0.3975 g of an oxide of divalent metal on reduction with hydrogen gives 0.090 g of water. The atomic weight of metal is:
a) 63.5
b) 24
c) 55.5
d) 40
MO + H2 ==>M + H2O
0.090 x (molar mass MO/molar mass H2O) = 0.3975
Solve for molar mass MO, subtract 18 to arrive at atomic mass M.
To find the atomic weight of the metal, we need to use the concept of stoichiometry and conversion factors.
Step 1: Find the moles of water produced.
We know that the mass of water produced is 0.090 g. To convert this mass to moles, we need to divide it by the molar mass of water.
The molar mass of water (H2O) is: 2(1.008 g/mol) + 16.00 g/mol = 18.016 g/mol.
Moles of water = Mass of water / Molar mass of water
= 0.090 g / 18.016 g/mol
≈ 0.00499 mol
Step 2: Use the balanced chemical equation to establish the mole ratio between water and the oxide.
The balanced chemical equation is:
Metal Oxide + Hydrogen (H2) → Metal + Water (H2O)
From the balanced equation, we can see that the mole ratio between the oxide and water is 1:1. This means that for every mole of oxide, we get one mole of water.

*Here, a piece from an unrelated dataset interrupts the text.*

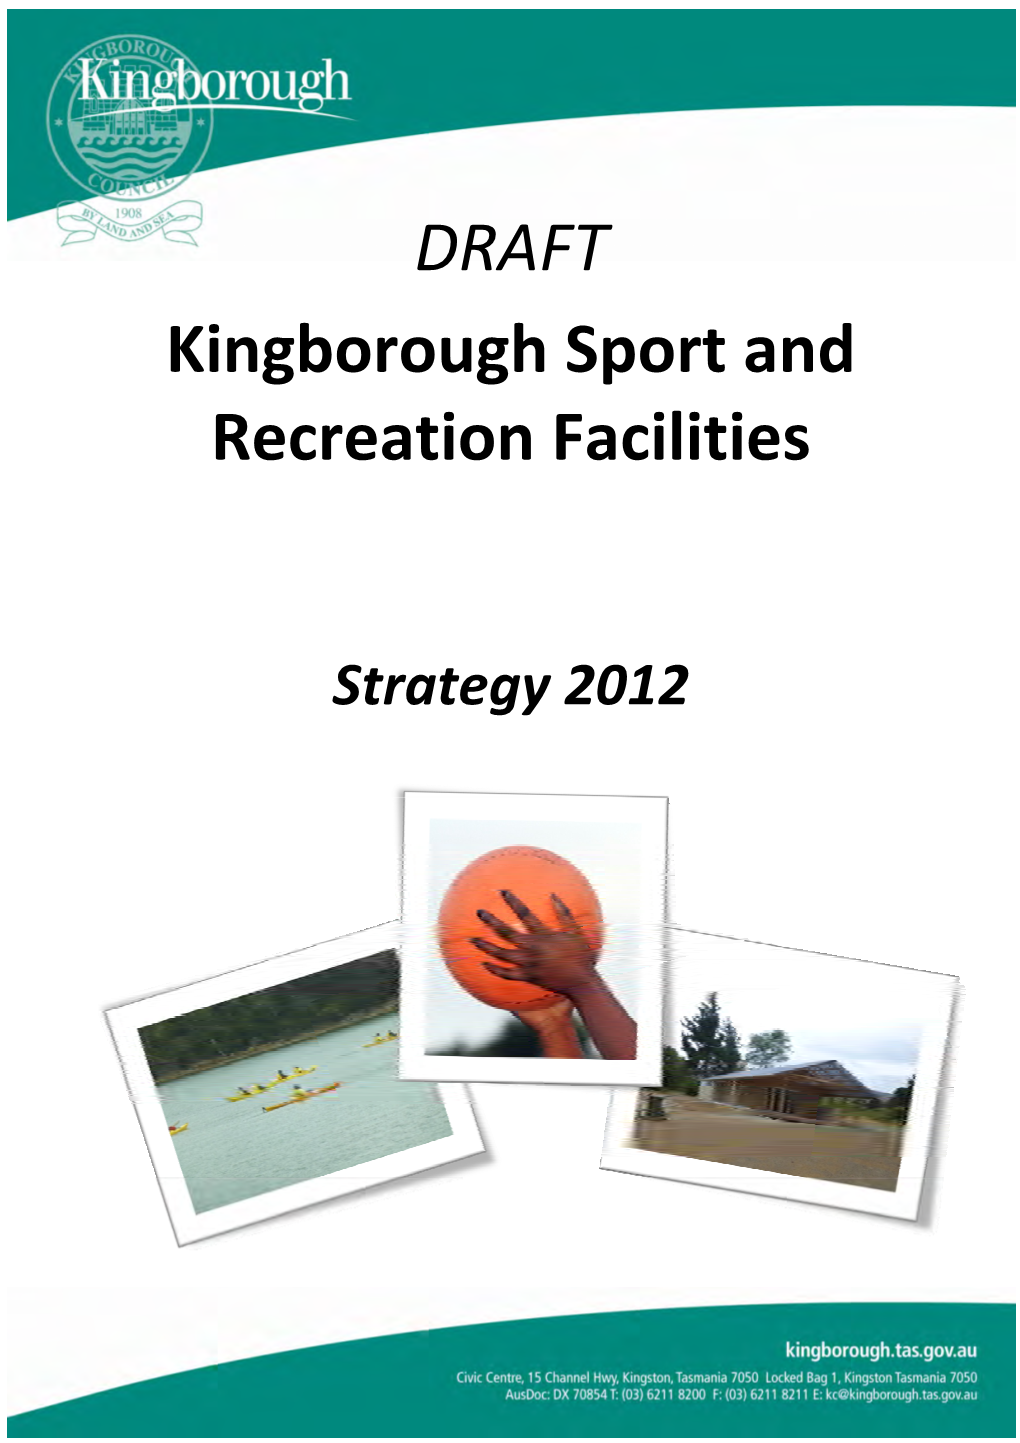 DRAFT Kingborough Sport and Recreation Facilities

Step 3: Calculate the moles of the oxide of the divalent metal.
Since the mole ratio is 1:1, the moles of the oxide of the divalent metal are also approximately 0.00499 mol.
Step 4: Use the concept of atomic weight.

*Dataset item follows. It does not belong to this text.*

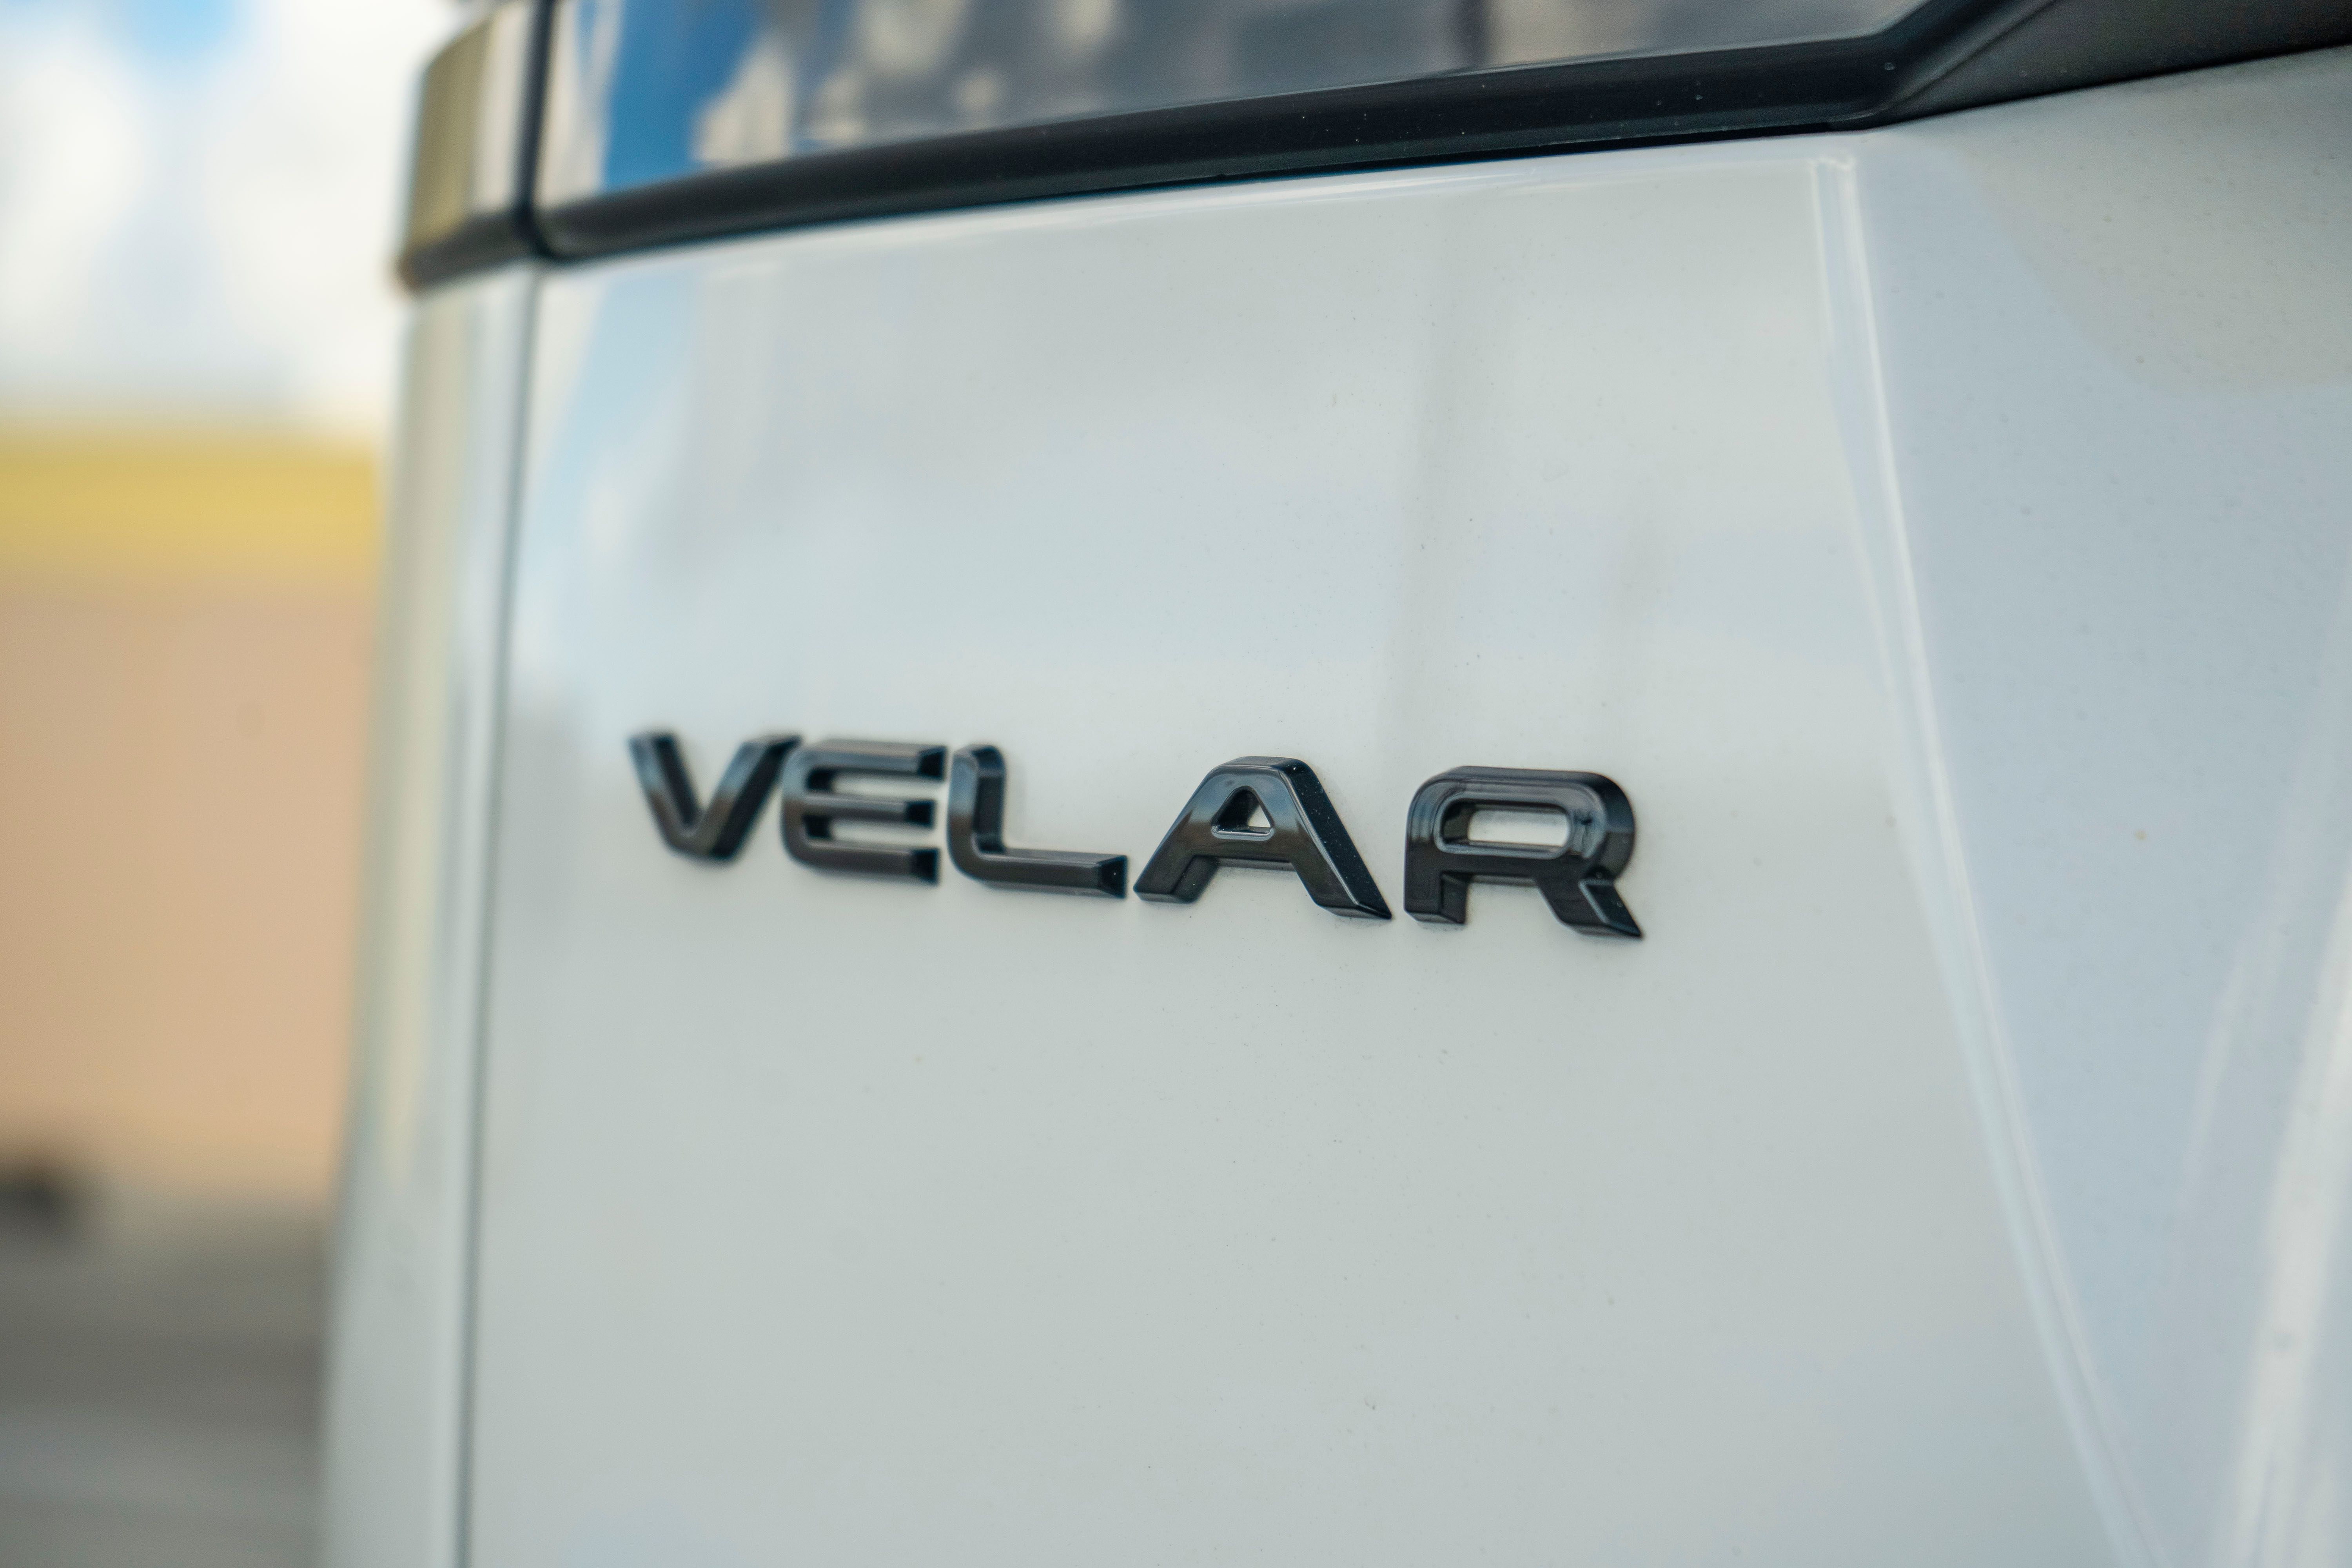 2020 Land Rover Range Rover Velar - Driven

Atomic weight (also called atomic mass) is the mass of an individual atom of an element compared to 1/12th the mass of an atom of carbon-12.
To find the atomic weight of the metal, we need to divide the mass of the oxide of the divalent metal by the number of moles of the oxide of the divalent metal.
Atomic weight of metal = Mass of oxide of divalent metal / Moles of oxide of divalent metal
= 0.3975 g / 0.00499 mol
≈ 79.558 g/mol
Now, we need to find the element with an atomic weight of approximately 79.558 g/mol from the answer choices provided:
a) 63.5 g/mol
b) 24 g/mol
c) 55.5 g/mol
d) 40 g/mol
The only option close to 79.558 g/mol is option a) 63.5 g/mol.
Therefore, the atomic weight of the metal is approximately 63.5.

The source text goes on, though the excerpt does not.